Мальчонка живо схватил монету и, притопывая изо всей силы пятками, зачастил:
А ручеечек-ручеек,
А брала воду на чаек,
А вода замутилася,
А с милым разлучилася-а-а-а…
– Хорошая песня, – сказал Антон. – Кто тебя научил?
– Сеструха батькина, Розка.
– Пригласи ее сюда.
– Зачем?
– Чтобы она сама мне эту песню спела.
Ромка насупился:
– Нельзя.
– Почему?
– Батька в палатку ее засадил.
– За что?
– Рыжих цыганят хотела в таборе расплодить.
– Чего?..
– За медом к пасечнику повадилась, вот чего.
– А кто Розу кнутом исхлестал?
– Твое какое лело? – огрызнулся Ромка. – Давай еще деньги – сразу две песни про любовь спою.
– Лучше расскажи, кто у тебя лошадь угнал.
– Я это знаю, да?
– Расскажи, что знаешь.
– Хитрый ты…
Ромка разжал кулак, будто хотел убедиться – на месте ли монета, и внезапно со всех ног стриганул к палаткам. Бирюков пошел следом.
Вызвать из палатки Розу оказалось не так-то просто. Старая цыганка, раскладывающая карты, прикинулась, непонимающей по-русски, а чубатый гитарист отрицательно покрутил головой. Пришлось показать служебное удостоверение. Глядя в раскрытые корочки, цыган не столько читал, что там написано, сколько сверял фотографию с оригиналом. Убедившись, кто перед ним, нехотя проговорил что-то на своем языке сидящей рядом цыганке, только что прекратившей кормить ребенка. Та поднялась и вместе с ребенком скрылась в одной из палаток.
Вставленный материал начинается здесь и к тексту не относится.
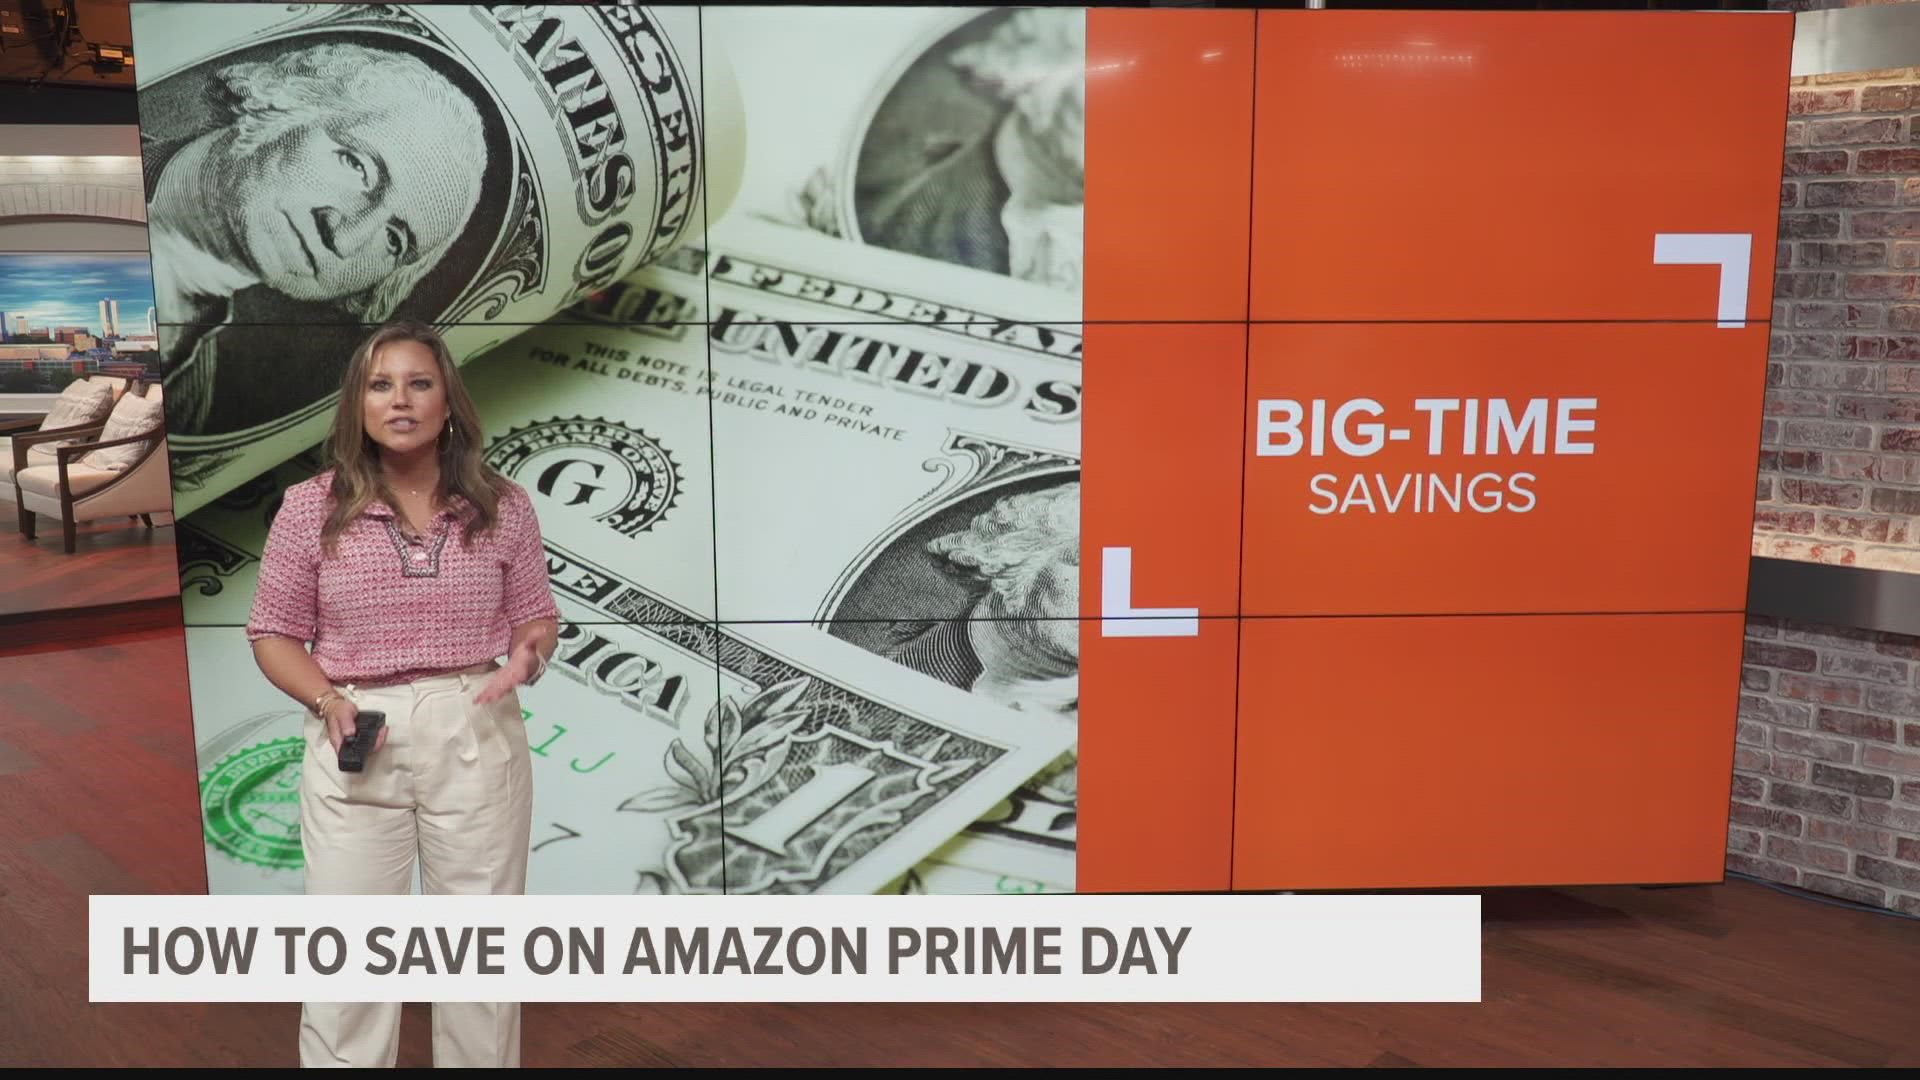 Here are some of the best deals on Amazon during Prime Day!
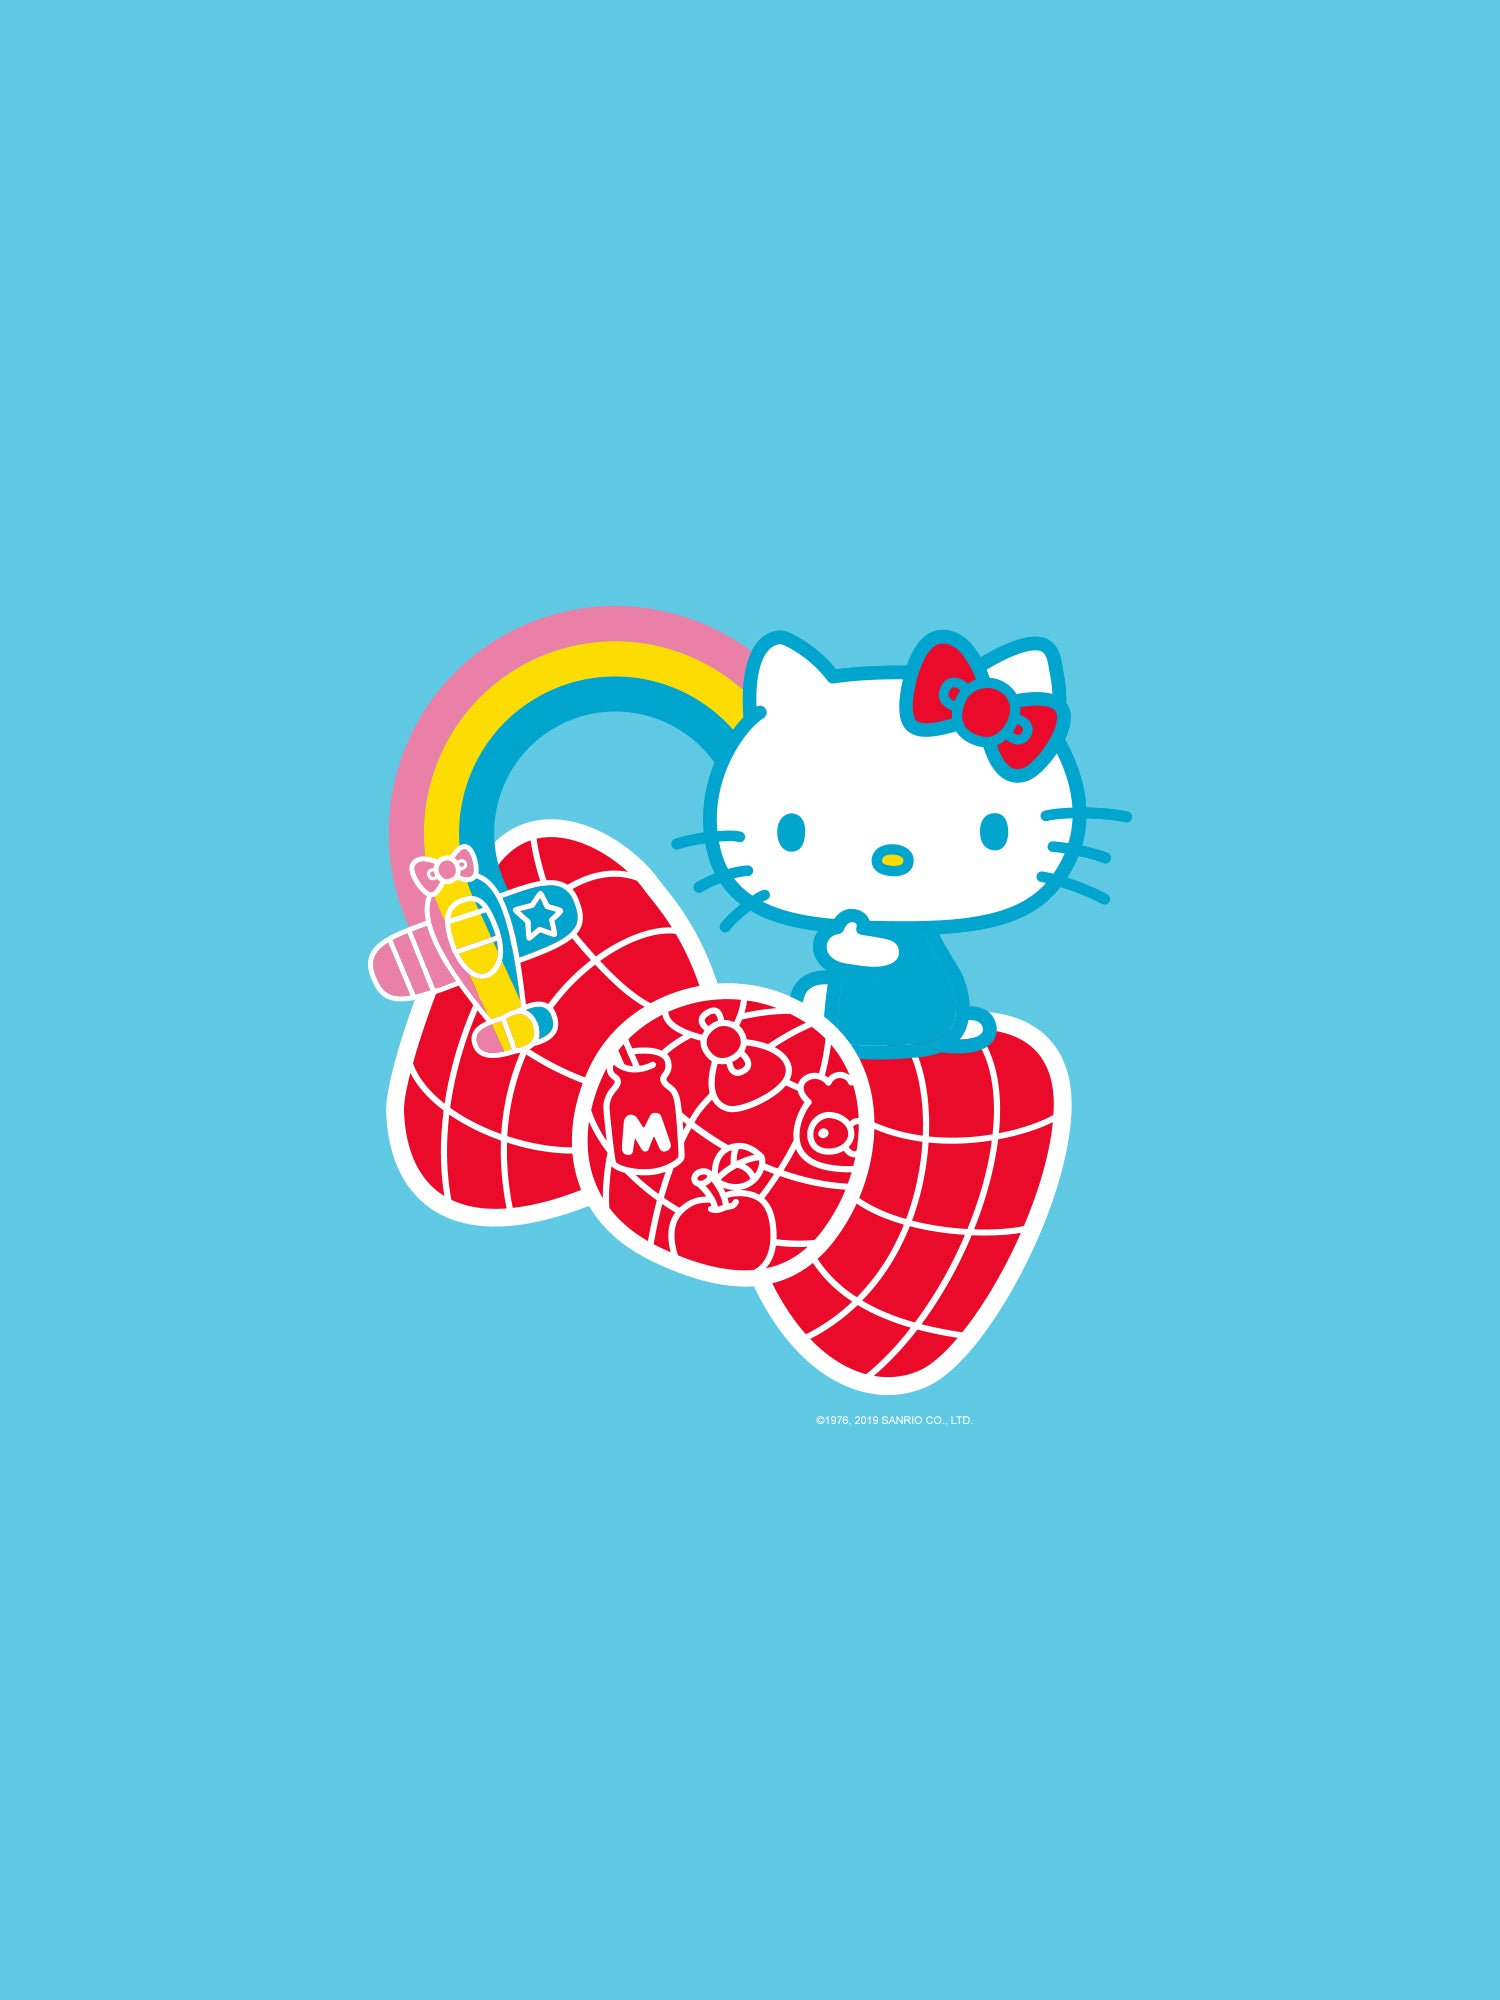 Share more than 60 hello kitty wallpaper blue latest - in.cdgdbentre

Прошло не меньше десяти минут, пока появилась Роза. Бирюков узнал ее по синякам на смуглом лице. В отличие от своих соплеменниц, одетых в крикливо-пестрые наряды с длинными юбками, Роза была в светленьком современном платье, обнажающем до колен загоревшие стройные ноги, исполосованные синяками. Густые смоляного цвета волосы были откинуты за спину. На шее – бусы из разноцветных крохотных ракушек, в ушах – клипсы-висюльки. Особенно Бирюкова заинтересовали Розины глаза. Большие, с сизоватым отливом, они были переполнены ужасом.
Едва Бирюков заговорил о пасечнике, Роза прижала маленькие ладони к ушам:
– Не знаю! Ничего не знаю!
– Вы послушайте… – начал было успокаивать Антон.
– Не буду слушать! Ничего не буду слушать!
– Кто вас так напугал?
– Кровь! Кровь! Кровь! – истерично раз за разом выкрикнула Роза и убежала к палатке.
Чубатый парень с силой ударил по струнам гитары.
– Что это с ней? – сумрачно спросил Бирюков.
Лицо цыгана нервно передернулось:
– Собака-пасечник до крови изувечил.
– За что?
– Спроси собаку!
Бирюков повернулся и зашагал к райотделу.
Слава Голубев к этому времени успел обзвонить все фельдшерские пункты, расположенные вблизи Серебровки и в райцентре. Ни в одном из них медицинскую помощь подозрительному раненому не оказывали.
Решив немедленно ехать в Серебровку, Антон надел форменный пиджак и фуражку.